A recent broadsheet issued by Political and Economic Planning, entitled “The Growing Economy—Britain, Western Germany and France”, discusses the main factors influencing the development of industrial production ... These findings are to be published in a forthcoming report which, assuming that economic growth is a proper object of policy, considers the conditions for achieving a rate of growth comparable with that of other Western industrial nations ... In contrast to British policy, French and German economic policies have had marked success in stimulating economic growth, and the main conclusion of the broadsheet is that, in view of Britain's record since the War, priority must be given to the task of increasing the rate of growth.

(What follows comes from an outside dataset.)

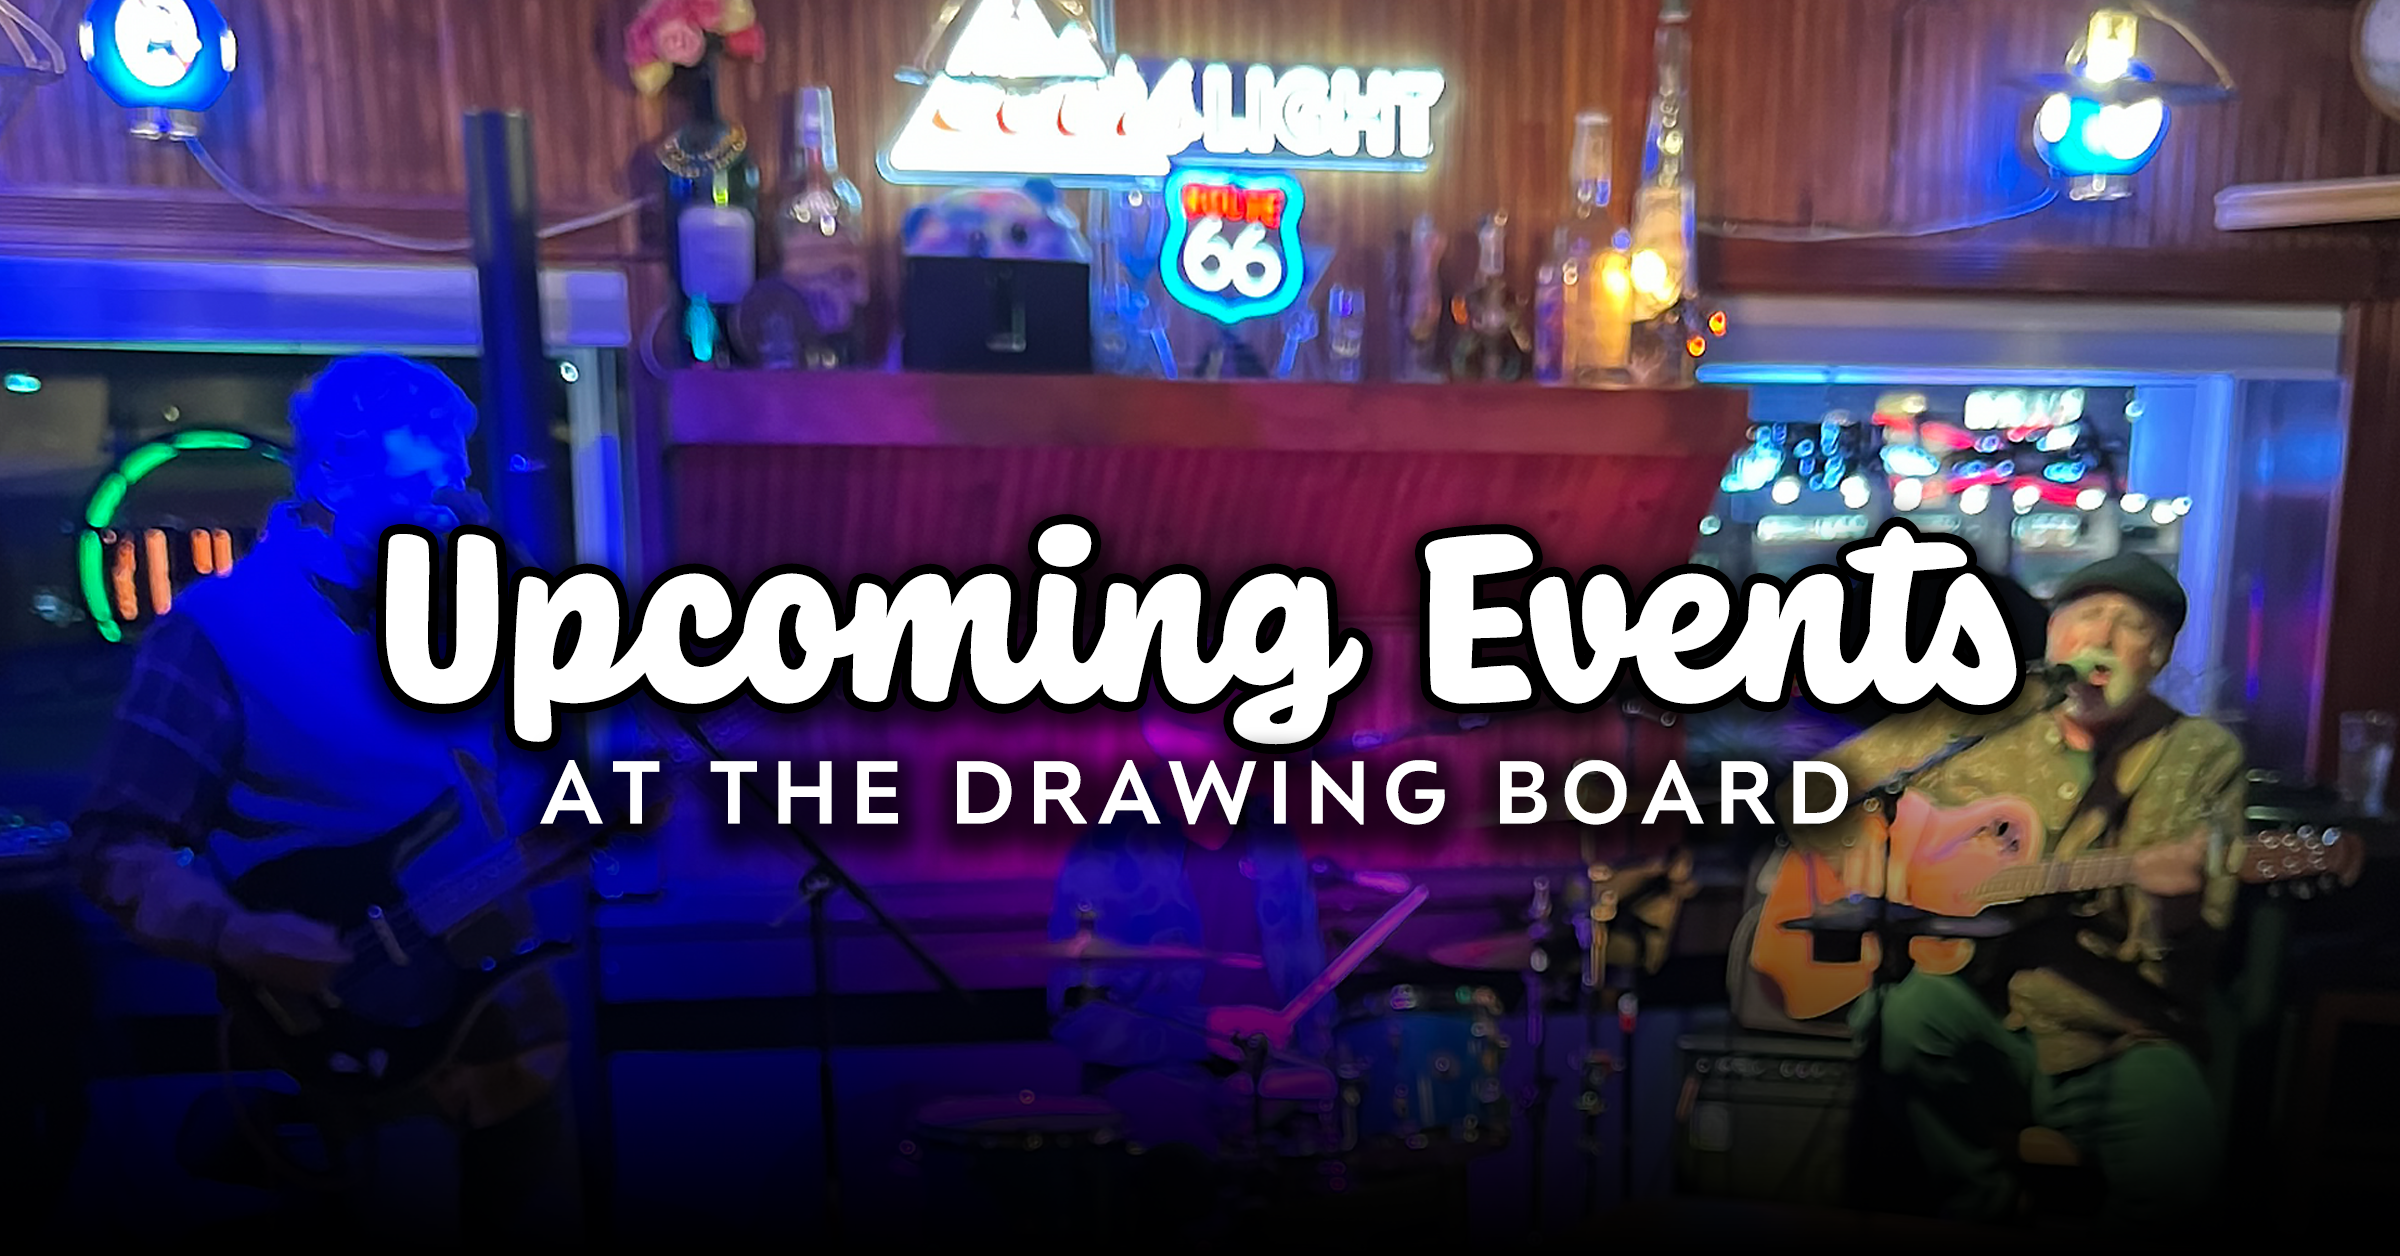 Upcoming Events at The Drawing Board

From Nature 19 November 1960

100 years ago

The Roosevelts in Africa — The book under review is not without its defects and incongruities, and the expedition of which it is the record has received heavy censure from a good many people interested in the preservation of the world's fauna. Theodore Roosevelt, its author, has the defects of his qualities ... In the first place, Mr. Roosevelt has not had sufficient leisure in which do himself justice as the writer of a book on real natural history. Being a poor man when he left the Presidency, he was obliged, to a great extent, to pay the expenses of his very costly expedition by writing an account of it to be published week by week by the newspapers, a full diary, so to speak, of the day's events. Then, taking advantage of a brief rest at Khartum, he puts this diary together in book form, and has barely time to glance at the proofs before leaving England for the States in June.